Description of the task:
Starting with the line containing "Hmm Venmo or" and going on through the line containing "HDMI mit FullHD", return the lines of the data below exactly, and only those.

Data extracts:
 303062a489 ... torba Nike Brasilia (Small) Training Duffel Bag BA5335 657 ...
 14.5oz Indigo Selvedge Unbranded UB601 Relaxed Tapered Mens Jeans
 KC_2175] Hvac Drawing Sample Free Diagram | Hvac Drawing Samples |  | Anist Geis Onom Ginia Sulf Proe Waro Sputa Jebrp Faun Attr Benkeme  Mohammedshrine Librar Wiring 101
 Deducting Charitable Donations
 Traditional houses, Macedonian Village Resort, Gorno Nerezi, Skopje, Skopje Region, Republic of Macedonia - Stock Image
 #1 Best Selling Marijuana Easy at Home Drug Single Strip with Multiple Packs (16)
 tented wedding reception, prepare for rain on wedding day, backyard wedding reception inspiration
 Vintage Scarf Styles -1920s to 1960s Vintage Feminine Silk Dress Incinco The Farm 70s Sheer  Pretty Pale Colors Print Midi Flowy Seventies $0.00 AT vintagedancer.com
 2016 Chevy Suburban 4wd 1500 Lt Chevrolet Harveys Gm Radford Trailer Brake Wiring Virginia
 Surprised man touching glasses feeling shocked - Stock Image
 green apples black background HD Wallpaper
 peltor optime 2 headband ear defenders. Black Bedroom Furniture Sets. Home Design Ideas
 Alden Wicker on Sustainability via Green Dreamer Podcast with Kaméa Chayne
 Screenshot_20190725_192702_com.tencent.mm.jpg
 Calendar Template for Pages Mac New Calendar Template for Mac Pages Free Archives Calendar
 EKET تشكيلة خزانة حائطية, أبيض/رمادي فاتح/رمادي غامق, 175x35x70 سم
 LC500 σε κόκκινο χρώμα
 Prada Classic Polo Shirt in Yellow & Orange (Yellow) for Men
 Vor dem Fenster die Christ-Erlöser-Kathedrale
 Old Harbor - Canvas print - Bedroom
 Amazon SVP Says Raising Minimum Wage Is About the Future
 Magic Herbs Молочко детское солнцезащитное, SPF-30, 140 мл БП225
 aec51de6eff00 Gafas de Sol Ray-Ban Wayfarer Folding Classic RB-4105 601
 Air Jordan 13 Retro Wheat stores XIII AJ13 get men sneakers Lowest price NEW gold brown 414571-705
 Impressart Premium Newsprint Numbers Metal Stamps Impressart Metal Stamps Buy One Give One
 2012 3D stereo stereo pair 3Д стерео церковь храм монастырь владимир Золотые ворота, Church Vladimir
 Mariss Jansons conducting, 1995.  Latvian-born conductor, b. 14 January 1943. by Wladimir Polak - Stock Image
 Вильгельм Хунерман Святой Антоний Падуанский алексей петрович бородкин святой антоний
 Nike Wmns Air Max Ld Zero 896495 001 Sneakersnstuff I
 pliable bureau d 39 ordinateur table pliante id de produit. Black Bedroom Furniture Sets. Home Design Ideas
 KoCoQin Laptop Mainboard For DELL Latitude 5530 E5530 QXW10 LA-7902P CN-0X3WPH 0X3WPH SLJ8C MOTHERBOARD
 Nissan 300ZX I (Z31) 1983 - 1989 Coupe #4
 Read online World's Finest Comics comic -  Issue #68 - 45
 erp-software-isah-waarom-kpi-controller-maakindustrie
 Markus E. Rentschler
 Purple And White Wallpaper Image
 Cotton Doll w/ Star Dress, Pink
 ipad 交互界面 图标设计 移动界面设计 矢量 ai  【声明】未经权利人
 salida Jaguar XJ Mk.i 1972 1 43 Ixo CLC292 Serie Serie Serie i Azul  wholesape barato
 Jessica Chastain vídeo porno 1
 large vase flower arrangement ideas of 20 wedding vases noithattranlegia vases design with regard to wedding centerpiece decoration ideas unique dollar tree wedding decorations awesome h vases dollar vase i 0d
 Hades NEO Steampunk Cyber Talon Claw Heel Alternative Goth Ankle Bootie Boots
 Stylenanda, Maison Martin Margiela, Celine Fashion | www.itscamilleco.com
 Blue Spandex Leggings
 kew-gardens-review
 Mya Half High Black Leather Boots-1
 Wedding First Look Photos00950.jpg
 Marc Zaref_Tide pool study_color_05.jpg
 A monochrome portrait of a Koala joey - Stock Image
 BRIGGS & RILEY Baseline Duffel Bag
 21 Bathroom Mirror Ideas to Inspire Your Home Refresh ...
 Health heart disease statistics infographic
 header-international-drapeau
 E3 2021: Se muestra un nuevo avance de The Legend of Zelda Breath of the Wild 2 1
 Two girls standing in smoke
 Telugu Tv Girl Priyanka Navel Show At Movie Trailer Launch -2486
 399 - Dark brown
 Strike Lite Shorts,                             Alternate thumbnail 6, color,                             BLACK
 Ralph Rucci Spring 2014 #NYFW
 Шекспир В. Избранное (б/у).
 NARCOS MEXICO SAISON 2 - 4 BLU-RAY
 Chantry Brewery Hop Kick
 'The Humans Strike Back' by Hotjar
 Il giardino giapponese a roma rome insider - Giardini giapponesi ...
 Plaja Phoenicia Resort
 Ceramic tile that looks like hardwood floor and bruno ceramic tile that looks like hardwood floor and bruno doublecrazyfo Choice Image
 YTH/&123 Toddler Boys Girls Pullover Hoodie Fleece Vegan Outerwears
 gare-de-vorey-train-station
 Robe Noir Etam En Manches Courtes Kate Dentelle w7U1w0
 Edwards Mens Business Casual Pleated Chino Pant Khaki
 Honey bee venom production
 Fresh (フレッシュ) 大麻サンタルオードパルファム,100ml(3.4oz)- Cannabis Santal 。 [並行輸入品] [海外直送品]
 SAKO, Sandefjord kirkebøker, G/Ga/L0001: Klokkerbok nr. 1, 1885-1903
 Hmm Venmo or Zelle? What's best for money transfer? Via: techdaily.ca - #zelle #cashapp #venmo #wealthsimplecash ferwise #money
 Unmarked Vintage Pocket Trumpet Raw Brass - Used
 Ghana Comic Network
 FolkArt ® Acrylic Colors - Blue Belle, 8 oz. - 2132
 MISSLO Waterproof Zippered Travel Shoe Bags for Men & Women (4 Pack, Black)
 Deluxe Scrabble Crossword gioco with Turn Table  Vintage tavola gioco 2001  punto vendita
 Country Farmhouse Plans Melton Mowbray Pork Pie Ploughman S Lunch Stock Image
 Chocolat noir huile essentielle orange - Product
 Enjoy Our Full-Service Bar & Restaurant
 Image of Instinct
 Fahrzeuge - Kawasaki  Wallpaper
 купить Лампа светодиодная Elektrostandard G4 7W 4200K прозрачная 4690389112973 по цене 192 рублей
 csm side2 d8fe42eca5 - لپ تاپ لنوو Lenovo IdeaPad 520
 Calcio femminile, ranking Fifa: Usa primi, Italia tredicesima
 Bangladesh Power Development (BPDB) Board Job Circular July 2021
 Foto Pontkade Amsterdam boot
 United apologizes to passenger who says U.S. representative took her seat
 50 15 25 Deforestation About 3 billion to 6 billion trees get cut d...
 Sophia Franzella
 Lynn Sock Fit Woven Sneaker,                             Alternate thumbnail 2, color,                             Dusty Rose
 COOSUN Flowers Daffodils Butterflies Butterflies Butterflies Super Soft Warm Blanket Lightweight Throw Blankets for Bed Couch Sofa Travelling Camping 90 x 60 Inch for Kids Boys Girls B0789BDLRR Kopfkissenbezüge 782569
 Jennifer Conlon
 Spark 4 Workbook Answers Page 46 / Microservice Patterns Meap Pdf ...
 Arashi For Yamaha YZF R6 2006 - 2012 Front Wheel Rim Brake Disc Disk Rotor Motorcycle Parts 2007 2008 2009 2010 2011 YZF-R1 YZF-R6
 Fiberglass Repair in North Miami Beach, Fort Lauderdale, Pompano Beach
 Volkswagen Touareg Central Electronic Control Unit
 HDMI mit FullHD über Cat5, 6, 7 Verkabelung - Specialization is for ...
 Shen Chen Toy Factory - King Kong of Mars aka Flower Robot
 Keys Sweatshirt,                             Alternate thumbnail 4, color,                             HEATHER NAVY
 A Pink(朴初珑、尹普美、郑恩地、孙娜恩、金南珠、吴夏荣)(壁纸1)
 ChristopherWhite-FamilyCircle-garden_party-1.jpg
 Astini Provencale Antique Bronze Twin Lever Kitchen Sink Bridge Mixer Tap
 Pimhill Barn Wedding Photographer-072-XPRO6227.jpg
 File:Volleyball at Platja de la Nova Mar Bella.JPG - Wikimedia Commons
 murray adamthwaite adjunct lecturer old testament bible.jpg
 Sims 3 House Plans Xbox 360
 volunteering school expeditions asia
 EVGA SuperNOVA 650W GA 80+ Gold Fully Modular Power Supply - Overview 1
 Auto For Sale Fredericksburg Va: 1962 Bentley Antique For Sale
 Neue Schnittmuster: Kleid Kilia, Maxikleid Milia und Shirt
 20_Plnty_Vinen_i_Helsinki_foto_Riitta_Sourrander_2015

Completed task:
 Hmm Venmo or Zelle? What's best for money transfer? Via: techdaily.ca - #zelle #cashapp #venmo #wealthsimplecash ferwise #money
 Unmarked Vintage Pocket Trumpet Raw Brass - Used
 Ghana Comic Network
 FolkArt ® Acrylic Colors - Blue Belle, 8 oz. - 2132
 MISSLO Waterproof Zippered Travel Shoe Bags for Men & Women (4 Pack, Black)
 Deluxe Scrabble Crossword gioco with Turn Table  Vintage tavola gioco 2001  punto vendita
 Country Farmhouse Plans Melton Mowbray Pork Pie Ploughman S Lunch Stock Image
 Chocolat noir huile essentielle orange - Product
 Enjoy Our Full-Service Bar & Restaurant
 Image of Instinct
 Fahrzeuge - Kawasaki  Wallpaper
 купить Лампа светодиодная Elektrostandard G4 7W 4200K прозрачная 4690389112973 по цене 192 рублей
 csm side2 d8fe42eca5 - لپ تاپ لنوو Lenovo IdeaPad 520
 Calcio femminile, ranking Fifa: Usa primi, Italia tredicesima
 Bangladesh Power Development (BPDB) Board Job Circular July 2021
 Foto Pontkade Amsterdam boot
 United apologizes to passenger who says U.S. representative took her seat
 50 15 25 Deforestation About 3 billion to 6 billion trees get cut d...
 Sophia Franzella
 Lynn Sock Fit Woven Sneaker,                             Alternate thumbnail 2, color,                             Dusty Rose
 COOSUN Flowers Daffodils Butterflies Butterflies Butterflies Super Soft Warm Blanket Lightweight Throw Blankets for Bed Couch Sofa Travelling Camping 90 x 60 Inch for Kids Boys Girls B0789BDLRR Kopfkissenbezüge 782569
 Jennifer Conlon
 Spark 4 Workbook Answers Page 46 / Microservice Patterns Meap Pdf ...
 Arashi For Yamaha YZF R6 2006 - 2012 Front Wheel Rim Brake Disc Disk Rotor Motorcycle Parts 2007 2008 2009 2010 2011 YZF-R1 YZF-R6
 Fiberglass Repair in North Miami Beach, Fort Lauderdale, Pompano Beach
 Volkswagen Touareg Central Electronic Control Unit
 HDMI mit FullHD über Cat5, 6, 7 Verkabelung - Specialization is for ...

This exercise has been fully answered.